The decision to means-test the winter fuel payment in Scotland “will cause more people to die”, a senior trade unionist has warned. Dave Moxham, STUC deputy general secretary, said older Scots were “frightened” by the decision by SNP ministers to replicate a cut previously announced by Rachel Reeves, the UK Chancellor.
He spoke out ahead of a symbolic vote on the last day of the Labour conference in Liverpool calling for the benefit to be restored. The decision to means-test the payment will affect around nine million pensioners across the UK and nearly 900,000 in Scotland.
Reeves has defended the cut as necessary at a time when the UK public finances face a £22billion black hole caused by unaffordable spending commitments by the previous Tory government at Westminster. The decision has provoked fury across the left of the Labour Party and the wider trade union movement.

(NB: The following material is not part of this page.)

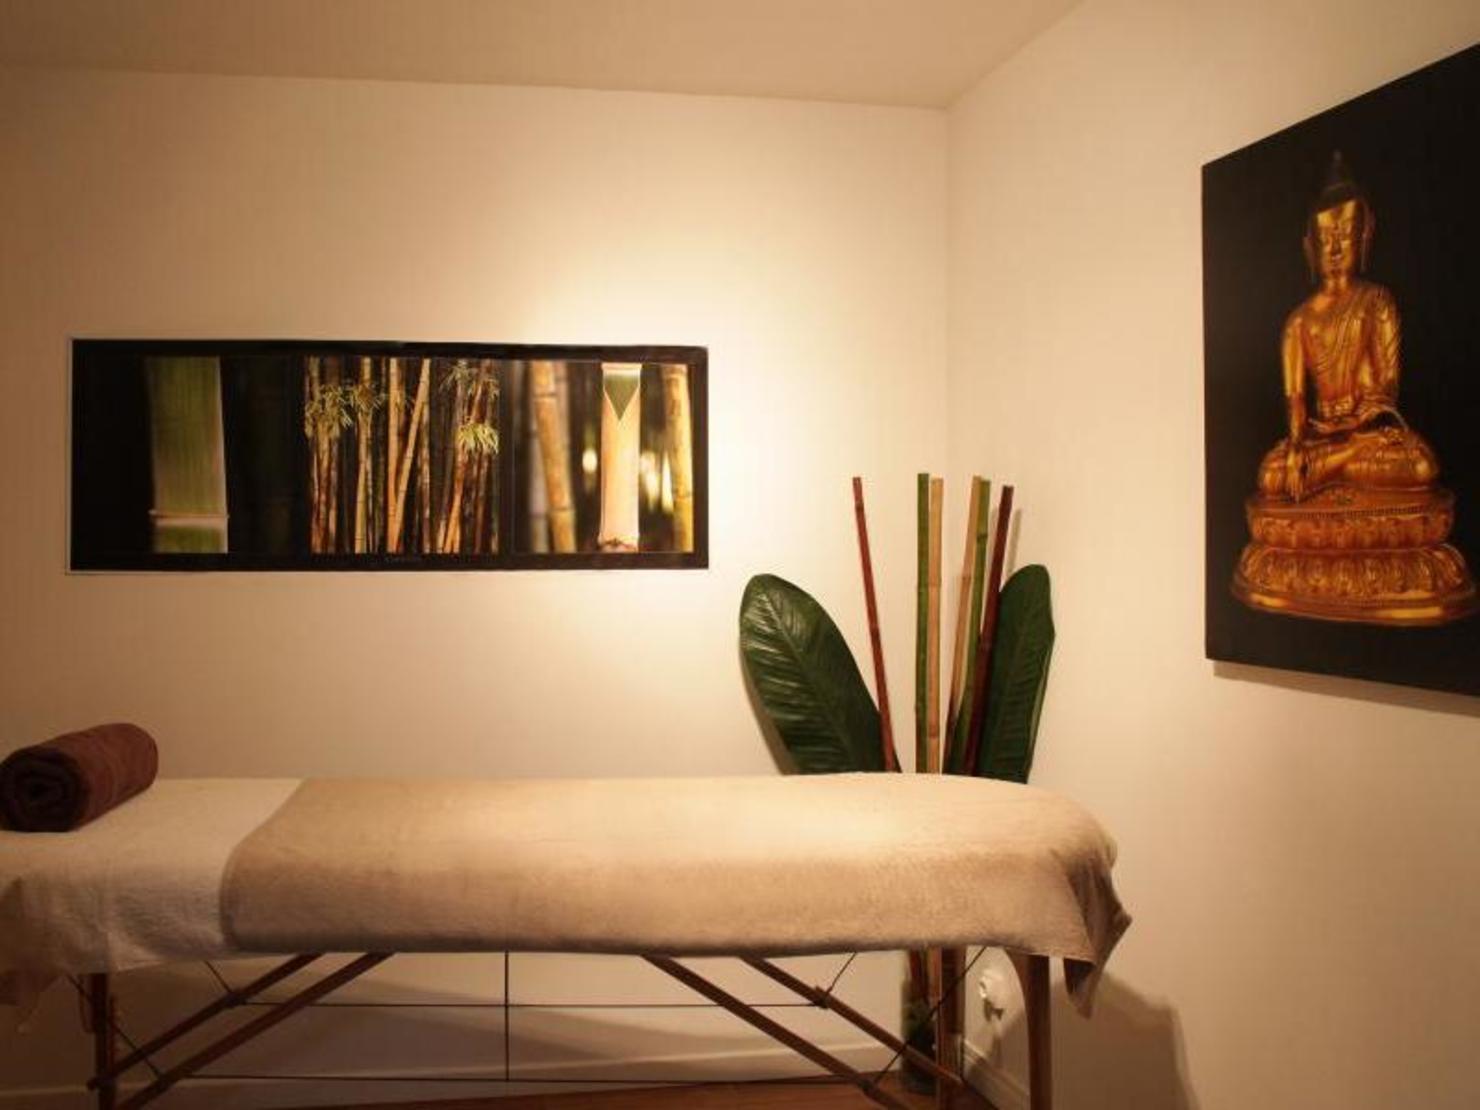 femmes en forme marseille tarifs avis horaires essai gratuit. Black Bedroom Furniture Sets. Home Design Ideas

SNP ministers have the power to restore the winter fuel payment in Scotland but have so far insisted they do not have the money to do so. Asked if it was inevitable the UK Government would have to reverse the cut, Moxham told BBC Radio Scotland: “We hope there will be a U-turn.
“The speech yesterday was a concerted attempt in a way to be more optimistic about some things. The Prime Minister was able to point to improvements in workers’ rights, to the nationalisation of rail, to GB Energy.
“It was Harold MacMillan who said ‘You’ve never had it so good’ – he [Starmer] was fast becoming the Prime Minister whose mantra would be: ‘You’ll never get it so bad’. So there was an attempt to be more optimistic.
“Unfortunately, the pledge that Labour wouldn’t be the Government of austerity was not borne out by the recommitment on this measure on winter fuel and a lack of ambition on public spending.”
Asked why pensioners who owned million or half-million pound properties should receive the benefit, Moxham said: “Find a way to make the benefit taxable, so that those who have the biggest incomes pay it back.
“There are other ways to ensure our former members, who paid into small pensions, who are just above that line, don’t suffer this winter. We know that many of them are frightened, and we know, frankly, that it will cause more people to die.”
Asked what he had thought of Labour’s time in power so far, Moxham added: “It’s a mixed report card. There are some really positive things and we have to remember what went before. The concern is that stability means standing still. And if you’re standing still when other countries are investing, when other countries are boosting their public services, that standing still means moving backwards.”